Keratoconus is described as a disease characterized by progressive corneal steepening, most typically inferio-temporal, with eventual corneal thinning, induced myopia, and both regular and irregular astigmatism.
Treatment of keratoconus depends on the severity of the condition and can be divided into two categories surgical and nonsurgical.
A new technique of collagen cross linking has been developed aiming at slowing down or arresting the progression of keratoconus to delay or avoid the need for keratoplasty. Unlike other treatment methods that only address the refractive effect of the disease; this new method treats and prevents the underlying pathophysiological mechanism.
This study aims to compare standard versus trans-epithelial corneal collagen cross-linking for treatment of progressive keratoconus.

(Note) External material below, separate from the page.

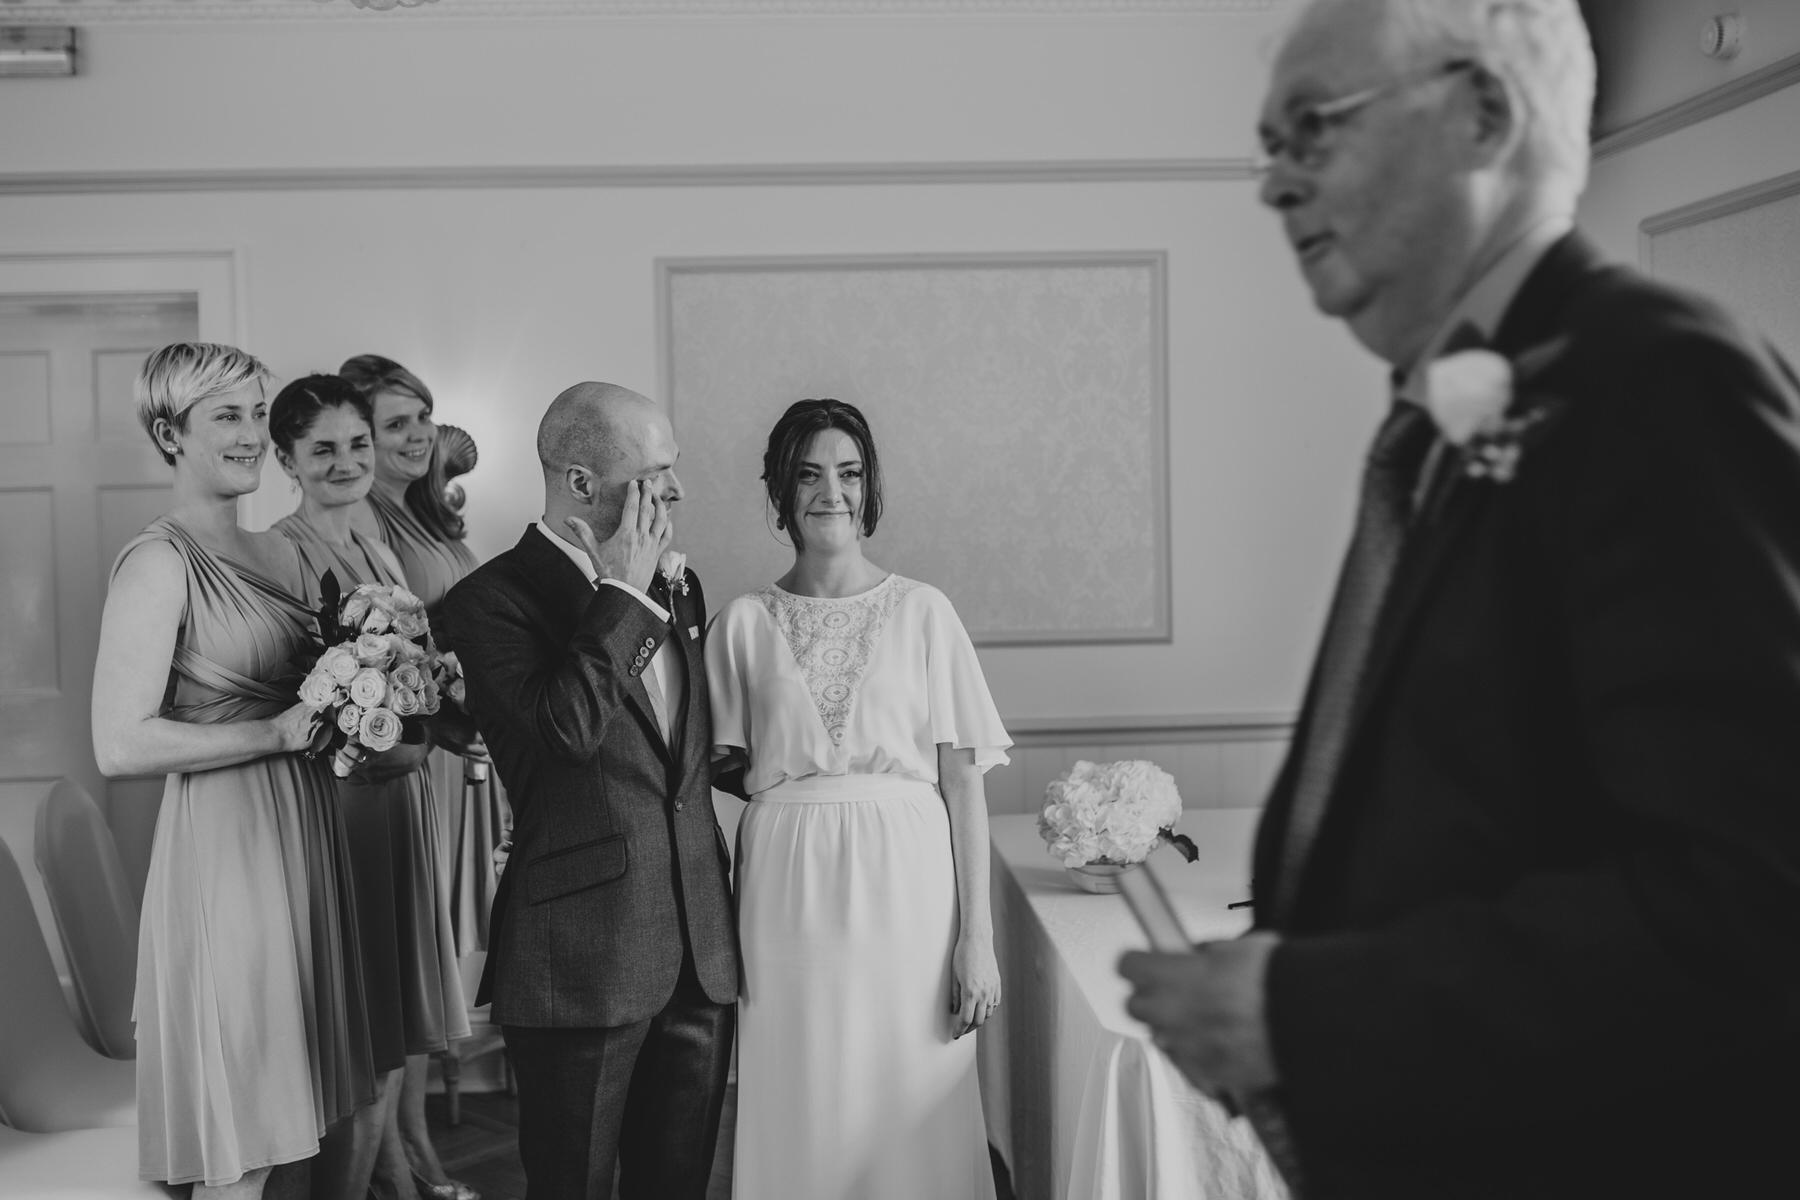 106 BW wedding reportage emotional groom brushing tear away.jpg
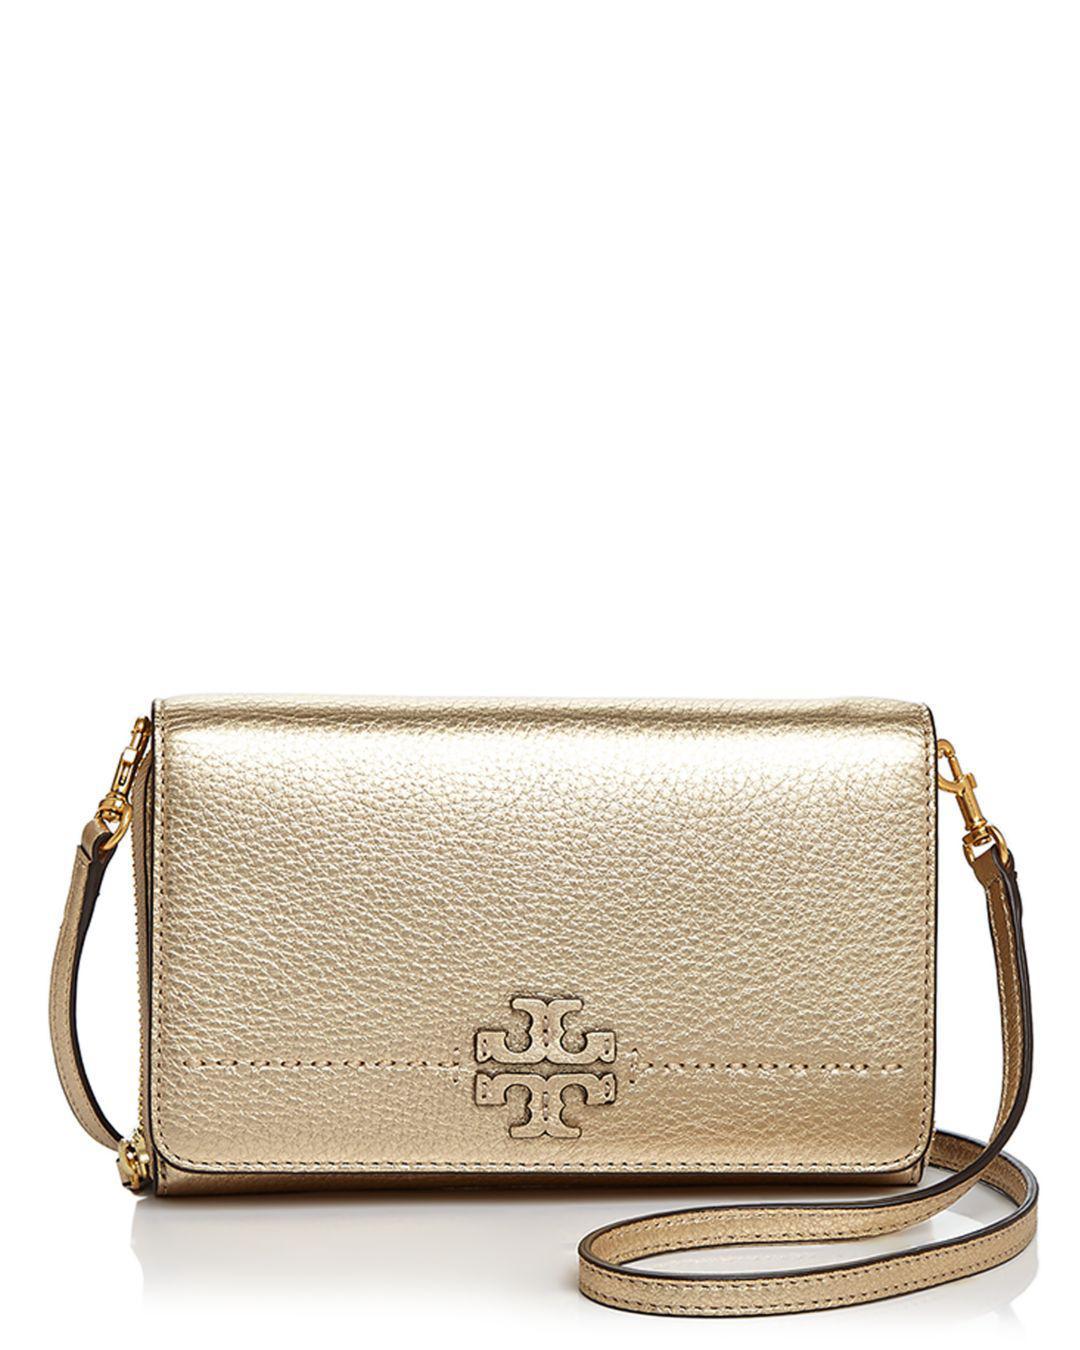 8070d1fb5c4b Lyst - Tory Burch Mcgraw Flat Leather Wallet Crossbody in Metallic ...

This is a prospective comparative study carried out at Tanta Ophthalmic Hospital and Tiba Eye Center in Shebin Elkom between January 2015 and January 2016.This study included 30 eyes of 30 patients with progressive keratoconus divided into two groups: group (A) included 15 eyes that were treated by standard CXL and group (B) included 15 eyes that were treated by trans-epithelial CXL with 3 months of follow up.
All patients underwent complete ophthalmic testing that included pre- and postoperative uncorrected visual acuity, best corrected visual acuity, manifest refraction (sphere and cylinder), corneal topography using Pentacam (Allegro-Oculyzer) to asses average K reading, topographic astigmatism, elevation value of the anterior and posterior surface of the cornea, thickness of the cornea in the thinnest location, anterior chamber depth (ACD), and corneal volume.
There was significant improvement of all parameters 3 months after CXL in both groups, while there was more improvement in uncorrected, best corrected visual acuity and manifest refraction in group (A) and there was more improvement in anterior, posterior elevations and corneal thickness in group (B). No significant variations were recorded in other parameters. No complications were noted.
This study not only demonstrated a halt in keratoconus progression, but also showed a significant improvement in visual acuity and refractive results due to a decline in the irregular astigmatism after CXL. These outcomes provide an indication of the efficacy and safety of standard CXL and the potential for TE CXL to be an appropriate therapy for progressive keratoconus with thin cornea.